He also highlighted how fixed rates are now overwhelmingly more competitive than easy access accounts were earlier in the year.
But he warned, “The problem with all of this is that none of these rates are even close to inflation, so the truth is that savings accounts are always ‘losing accounts’, but you at least want the best savings possible because that mitigates the impact of rising prices.
The founder of MoneySavingExpert.com urged anyone with savings to “go check the interest rate you are paying, then compare it to the rates below, as described by the Daily Record.”
All of the accounts below are covered by the Financial Services Compensation Scheme (FSCS) savings protection of £ 85,000.
For low-income people, Martin now recommends the following accounts.
Help to save
Help to Save is a UK government-backed savings account accessible to low-income workers who claim work tax credits, child tax credits and a universal credit.
If you qualify, you will get an additional 50 cents for every £ 1 you save, meaning that over four years a maximum saving of £ 2,400 would translate into an overall bonus of £ 1,200.
You are free to pay as much as you want (up to £ 50 per month) so even if you part with £ 5 per month (£ 1.25 per week) – over two years you will get a bonus of 60 £ on your total pot at £ 180. Over four years, that would amount to £ 360.
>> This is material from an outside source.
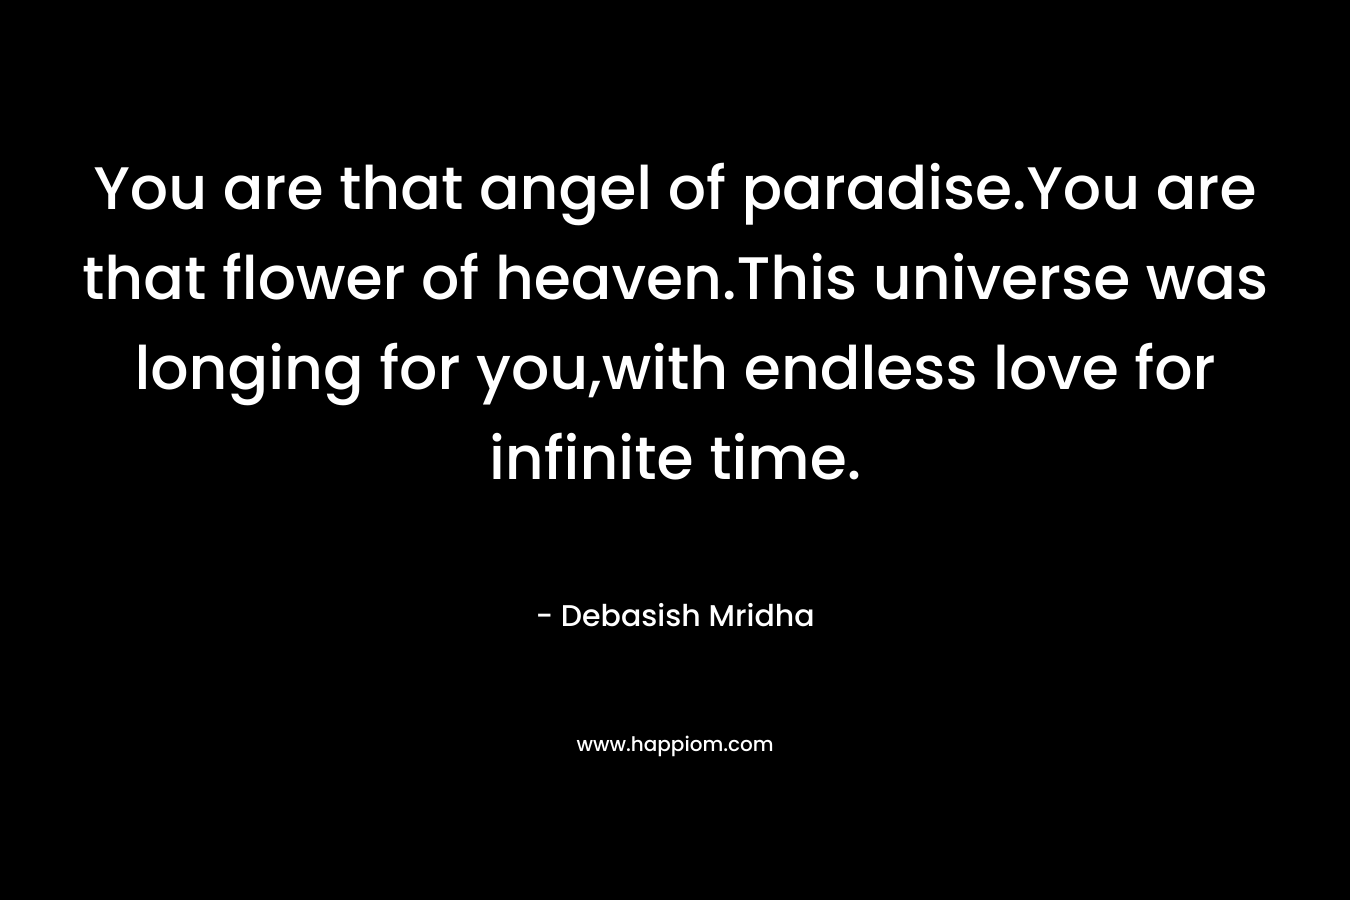 You are that angel of paradise.You are that flower of heaven.This universe was longing for you,with endless love for infinite time.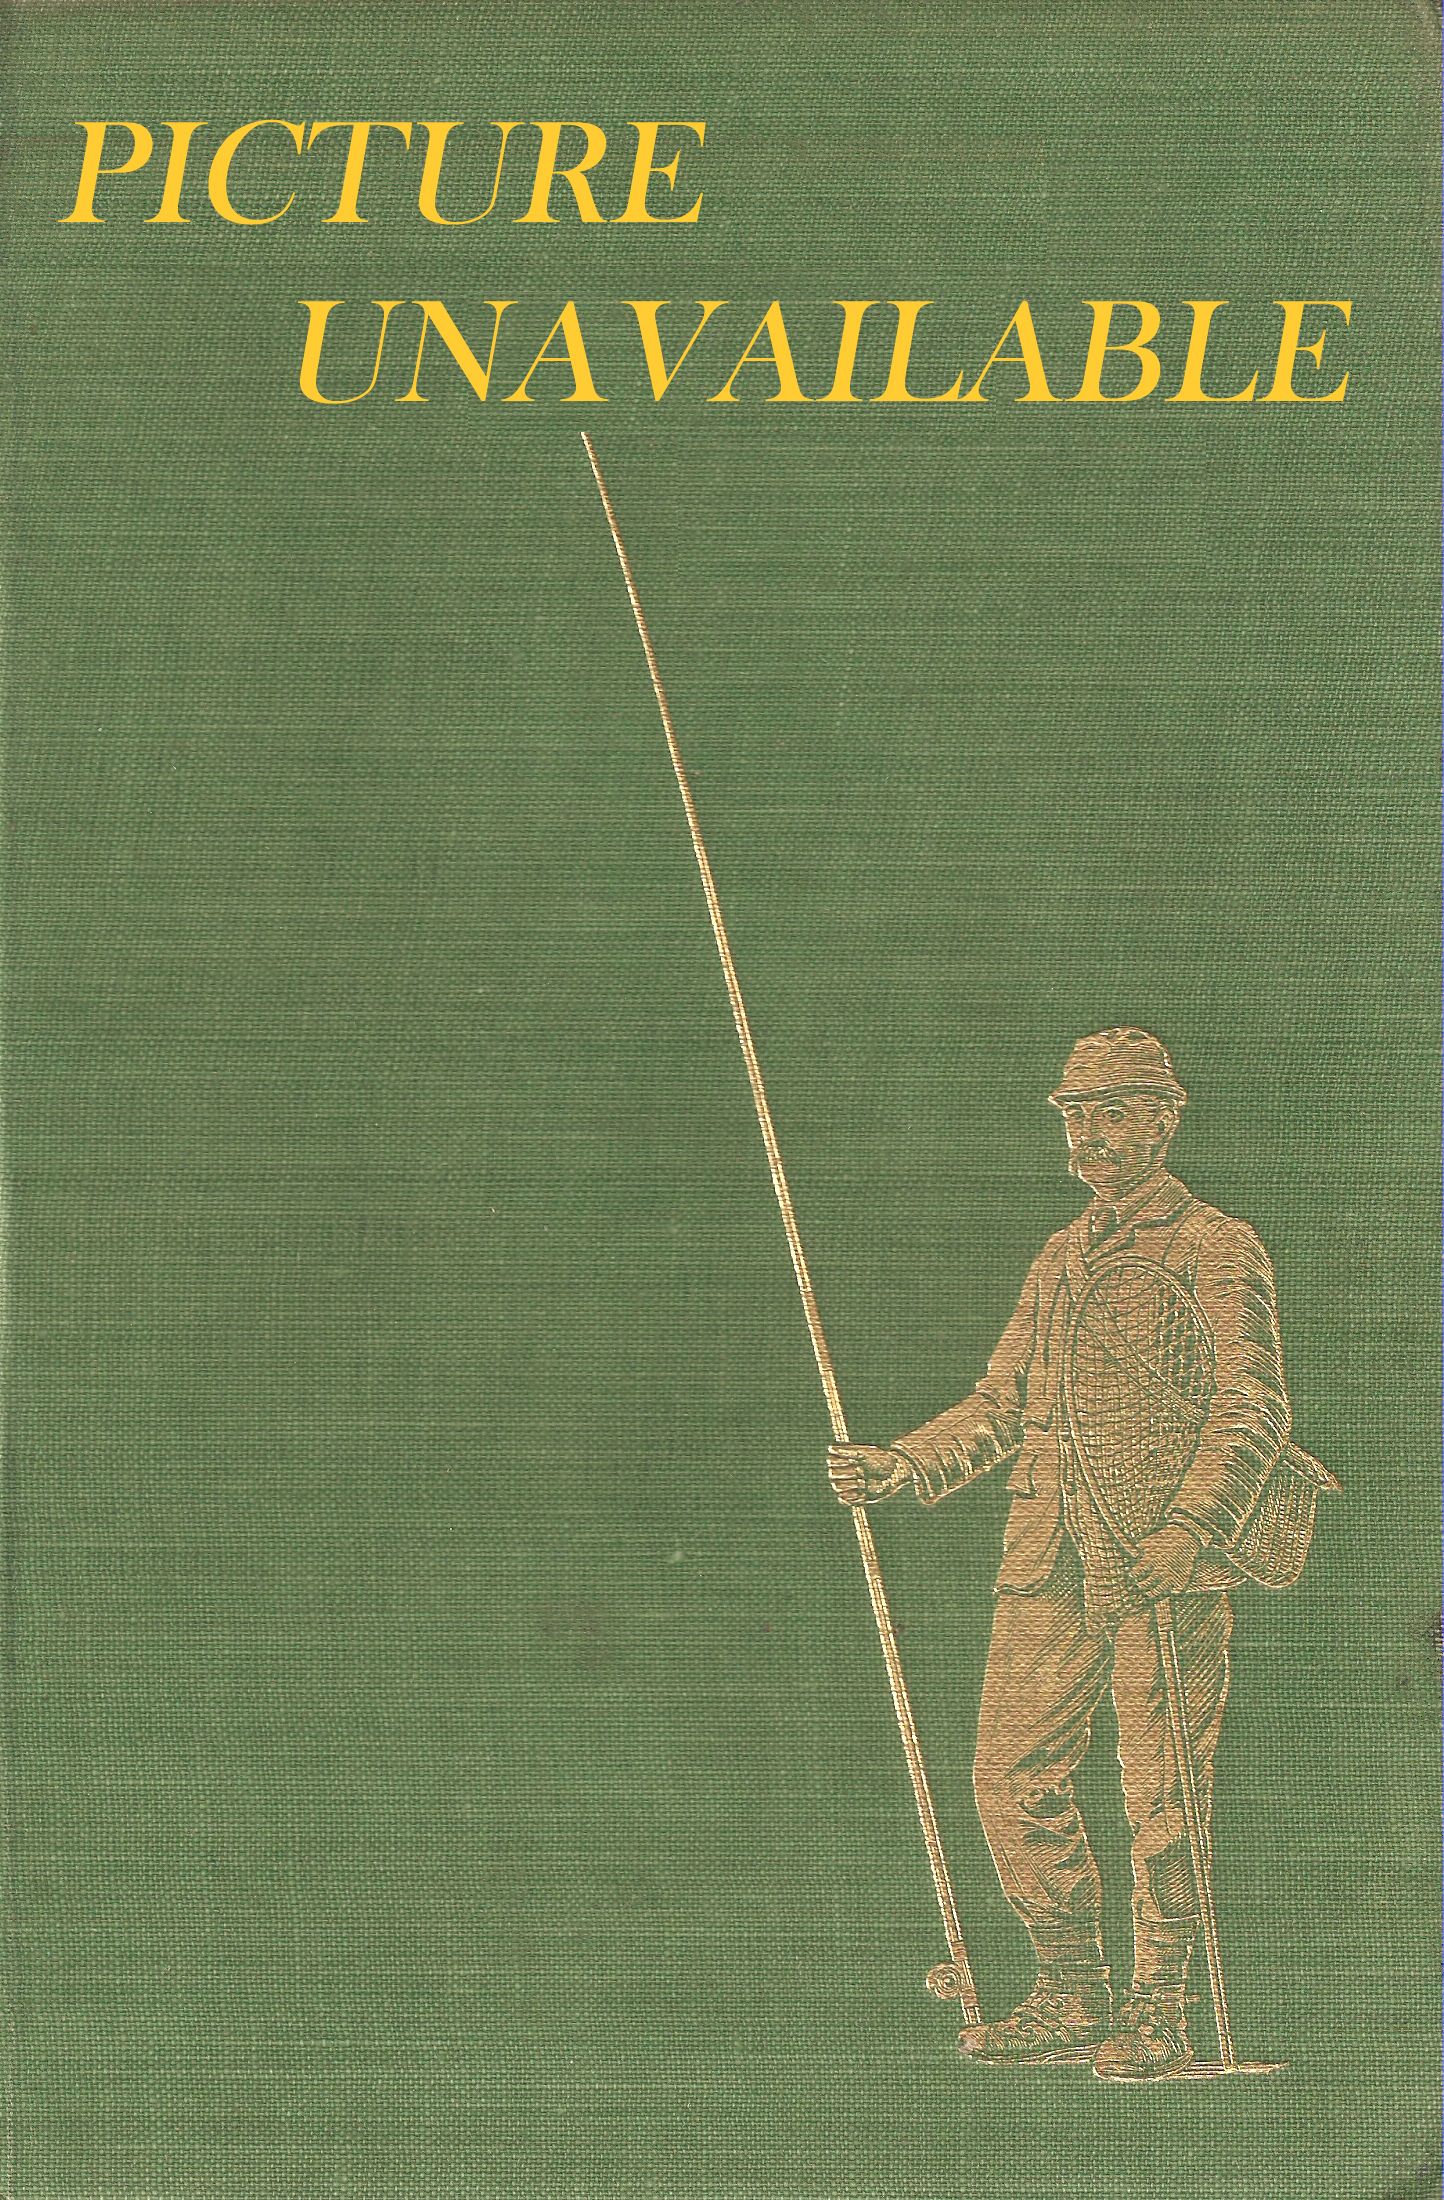 THE FOURTH ANGLING TIMES BOOK. Edited by Peter Tombleson and Jack  Thorndike. Illustrated by Ernest Petts.

The amount and time of savings depends on the account holder, and they don’t need to pay every month to get a bonus.
Isas for life
If you are between 18 and 39, you can contribute up to £ 4,000 per year to a Lifetime ISA on a schedule of your choice, with a 25% bonus paid out after 12 months.
Over the life of an account, you can get up to £ 32,000 in government cash, provided you pocket the £ 1,000 bonus each year.
Interestingly, LISAs allow you to invest in the stock market or in cash. You can then use the money to buy a house or save for your retirement.
With a Lisa, you can currently buy homes up to £ 450,000 in London and £ 250,000 outside of London.
However, if you choose to withdraw money, you risk a penalty of 25% of the amount withdrawn.
The top Lifetime Isa cash is currently Moneybox which earns 0.6%.
If two first-time buyers plan to climb the ladder, you can open one each and double the savings.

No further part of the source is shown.